TASK DESCRIPTION
Give the lines again exactly as they appear below, from the line with "Look At The" to the line with "Friends dancing together", both included, and only those lines. Leave every picture out.

GIVEN ENTRIES
━━━━━━━━━━━━━━━━━━━━
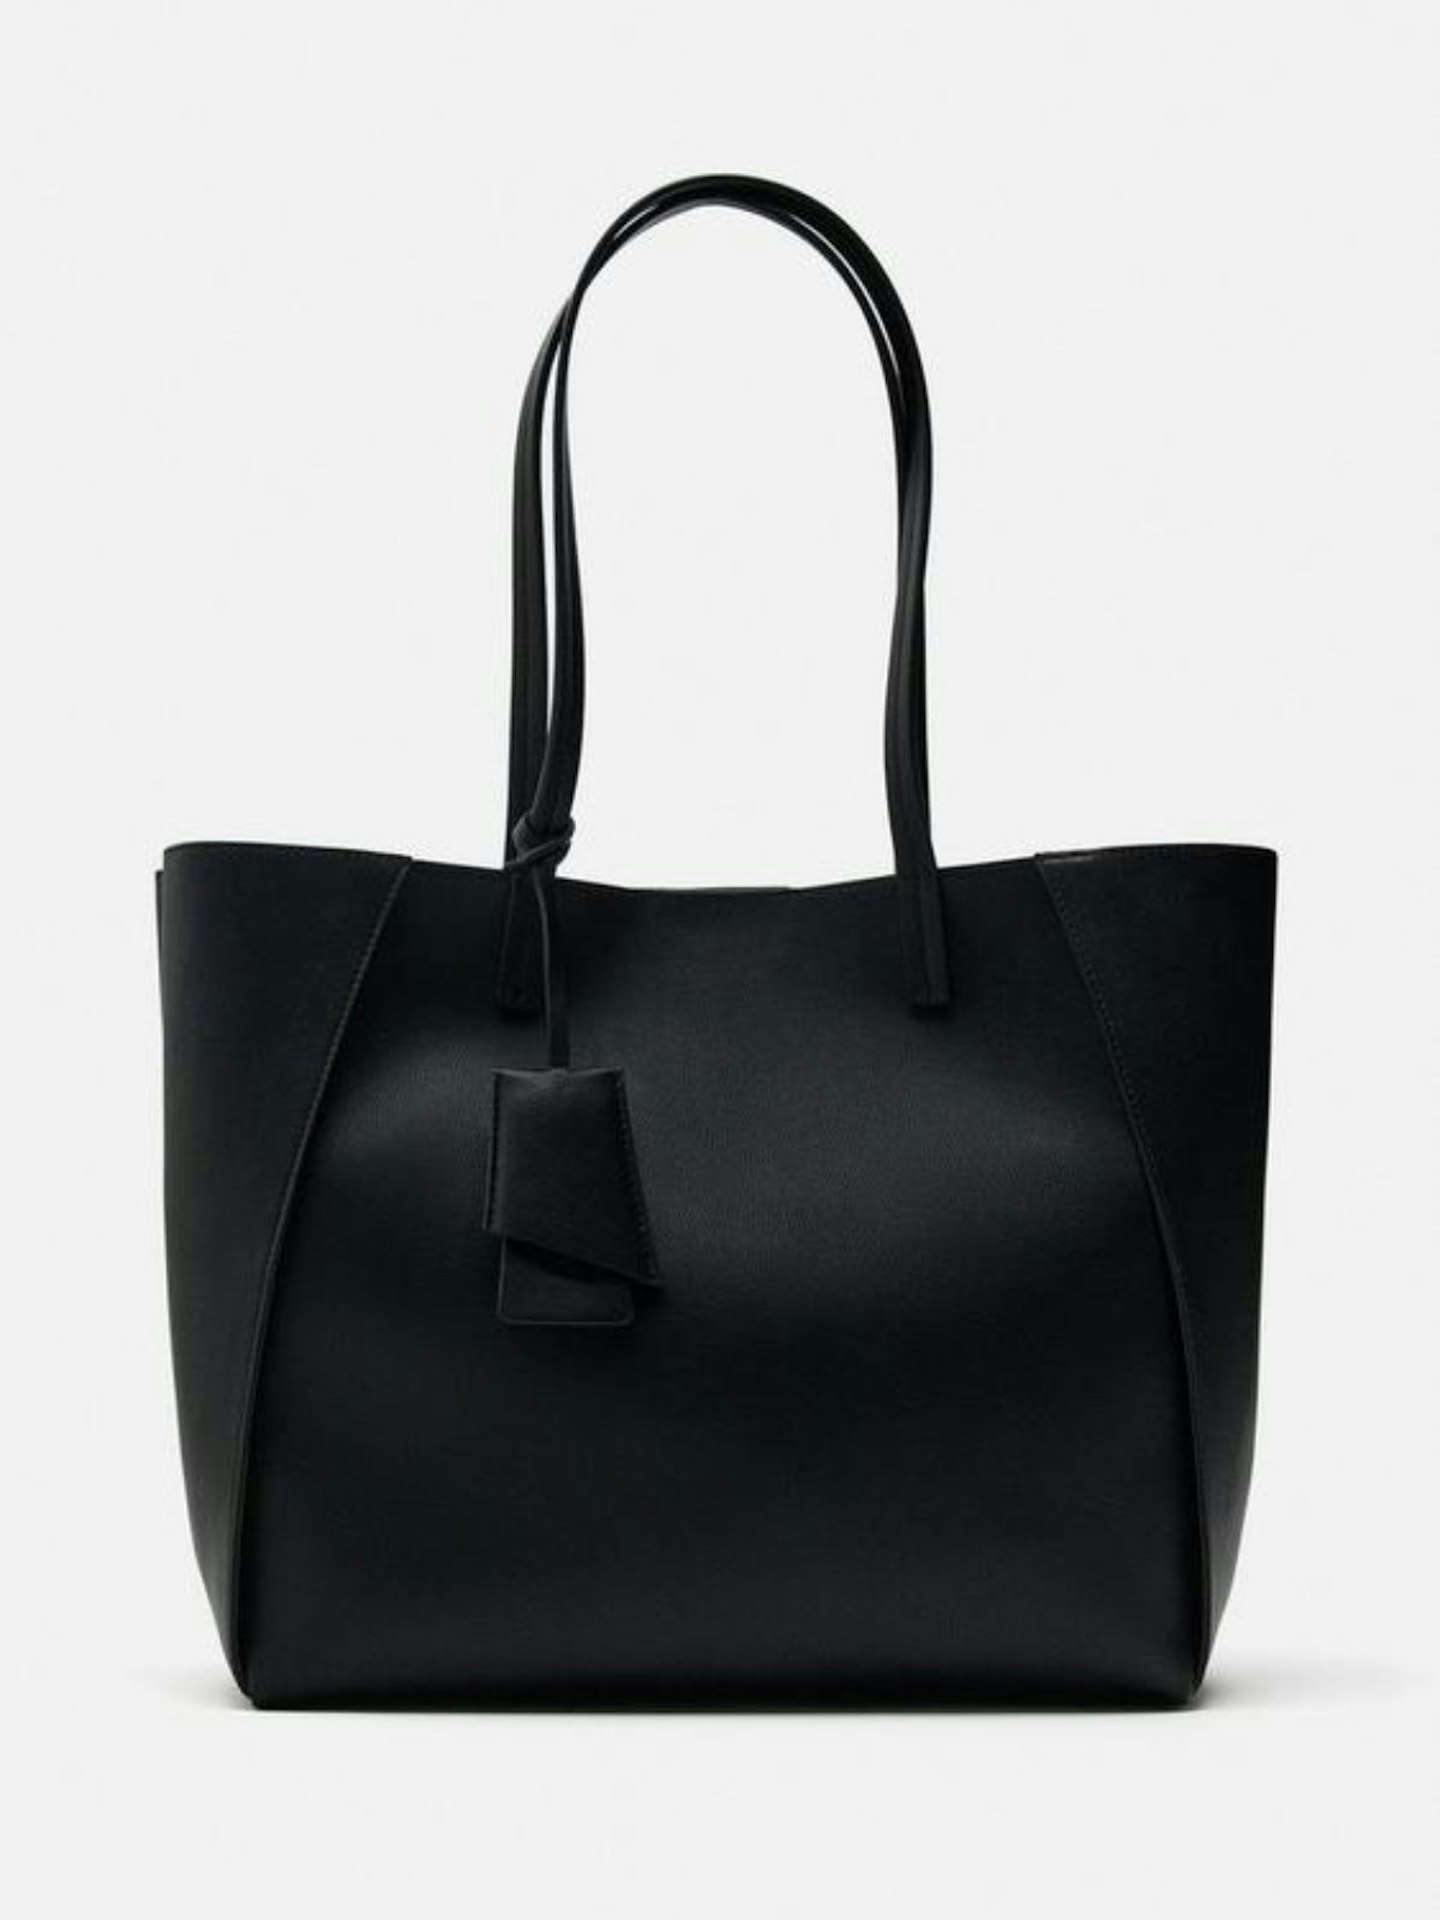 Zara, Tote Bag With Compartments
━━━━━━━━━━━━━━━━━━━━
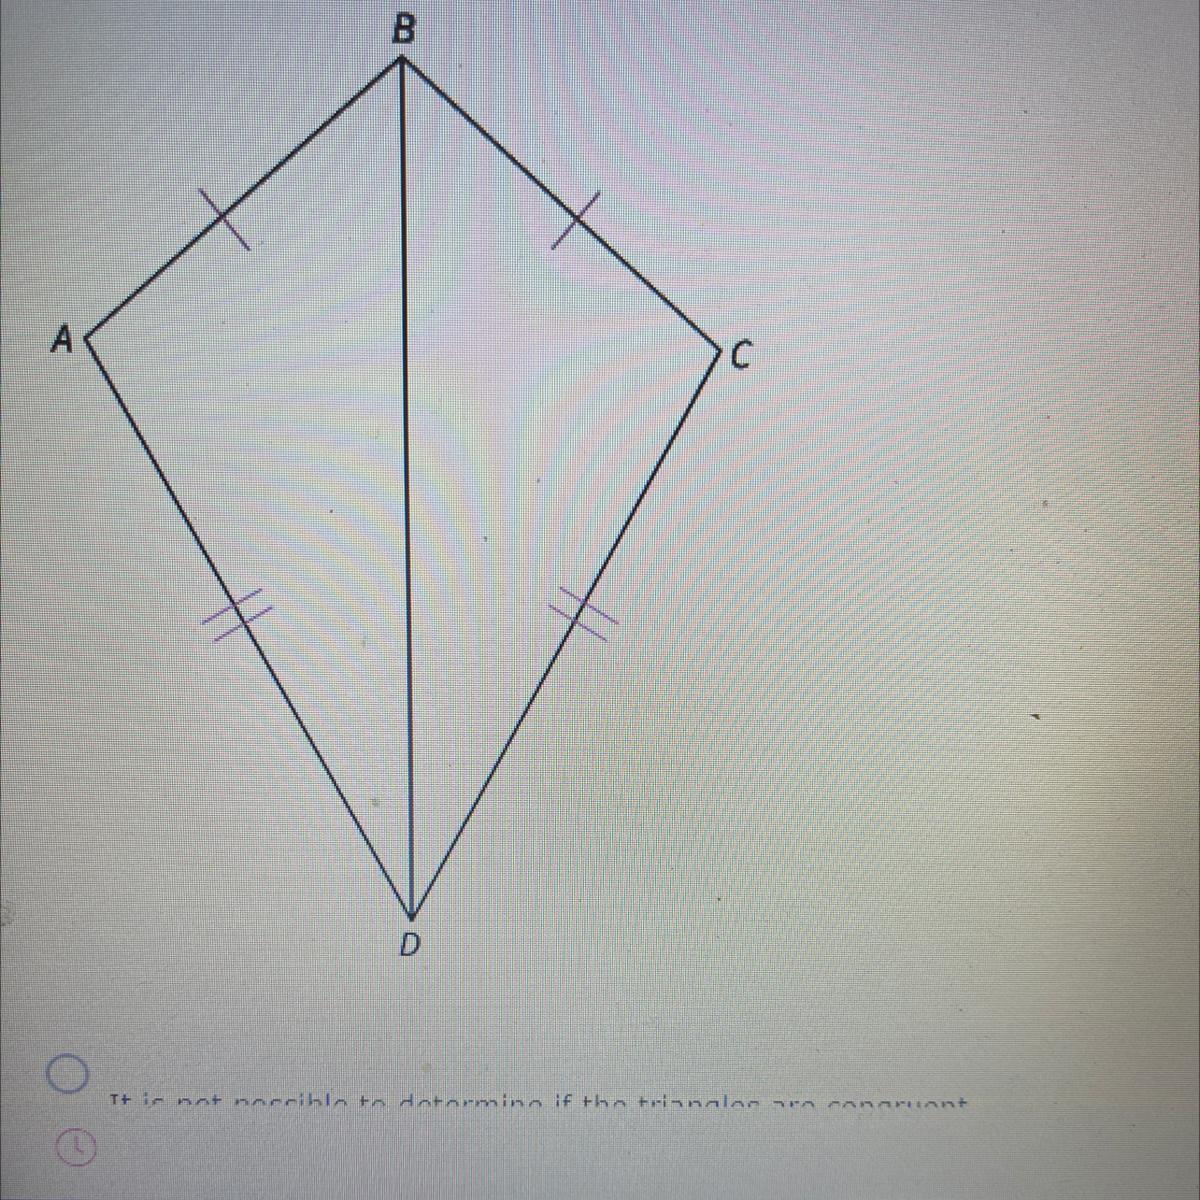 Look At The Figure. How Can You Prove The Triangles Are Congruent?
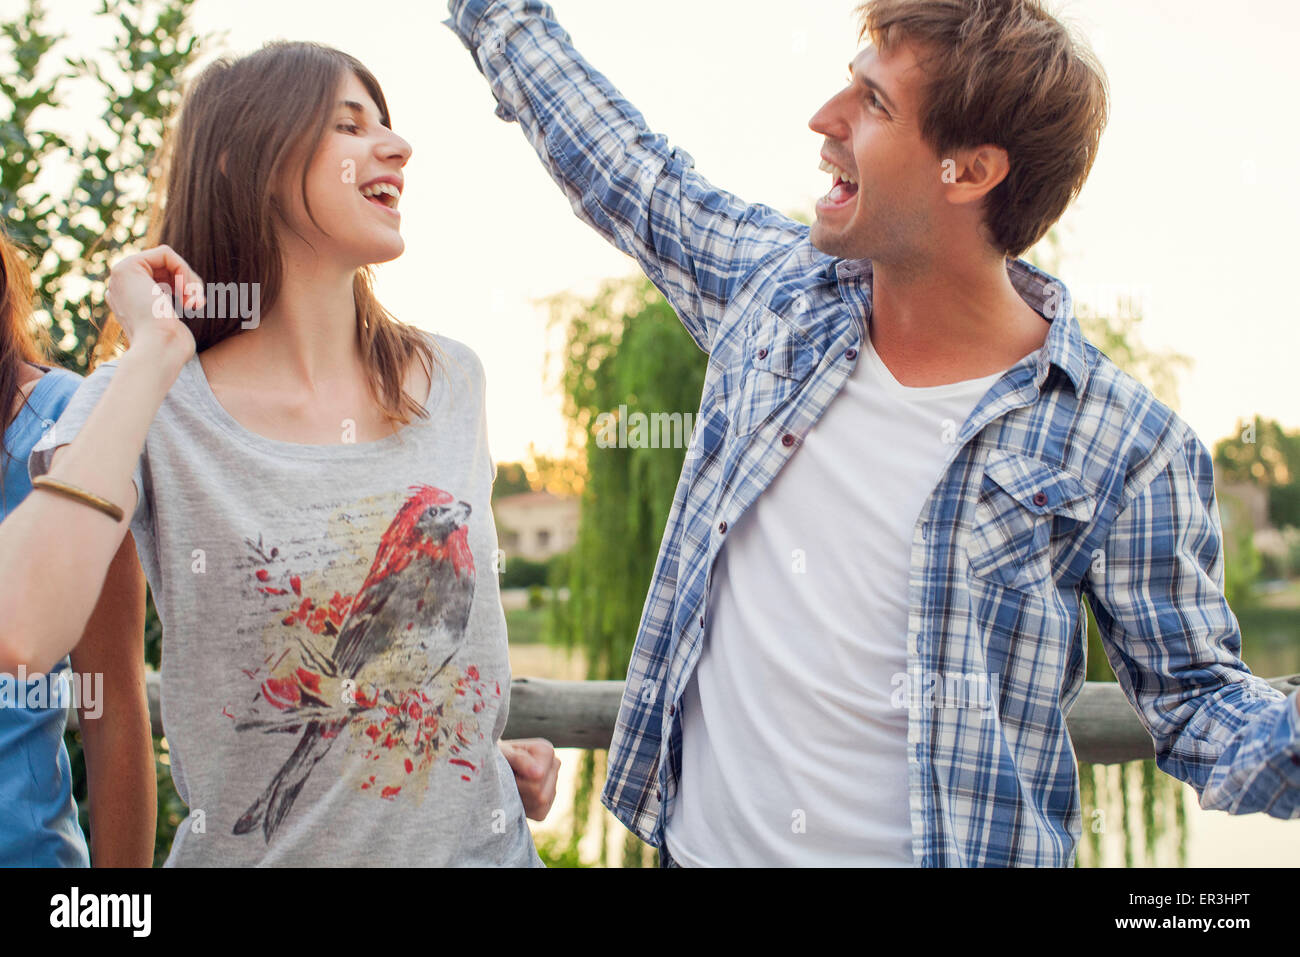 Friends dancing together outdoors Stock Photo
━━━━━━━━━━━━━━━━━━━━
ANSWER BOX
 Look At The Figure. How Can You Prove The Triangles Are Congruent?
 Friends dancing together outdoors Stock Photo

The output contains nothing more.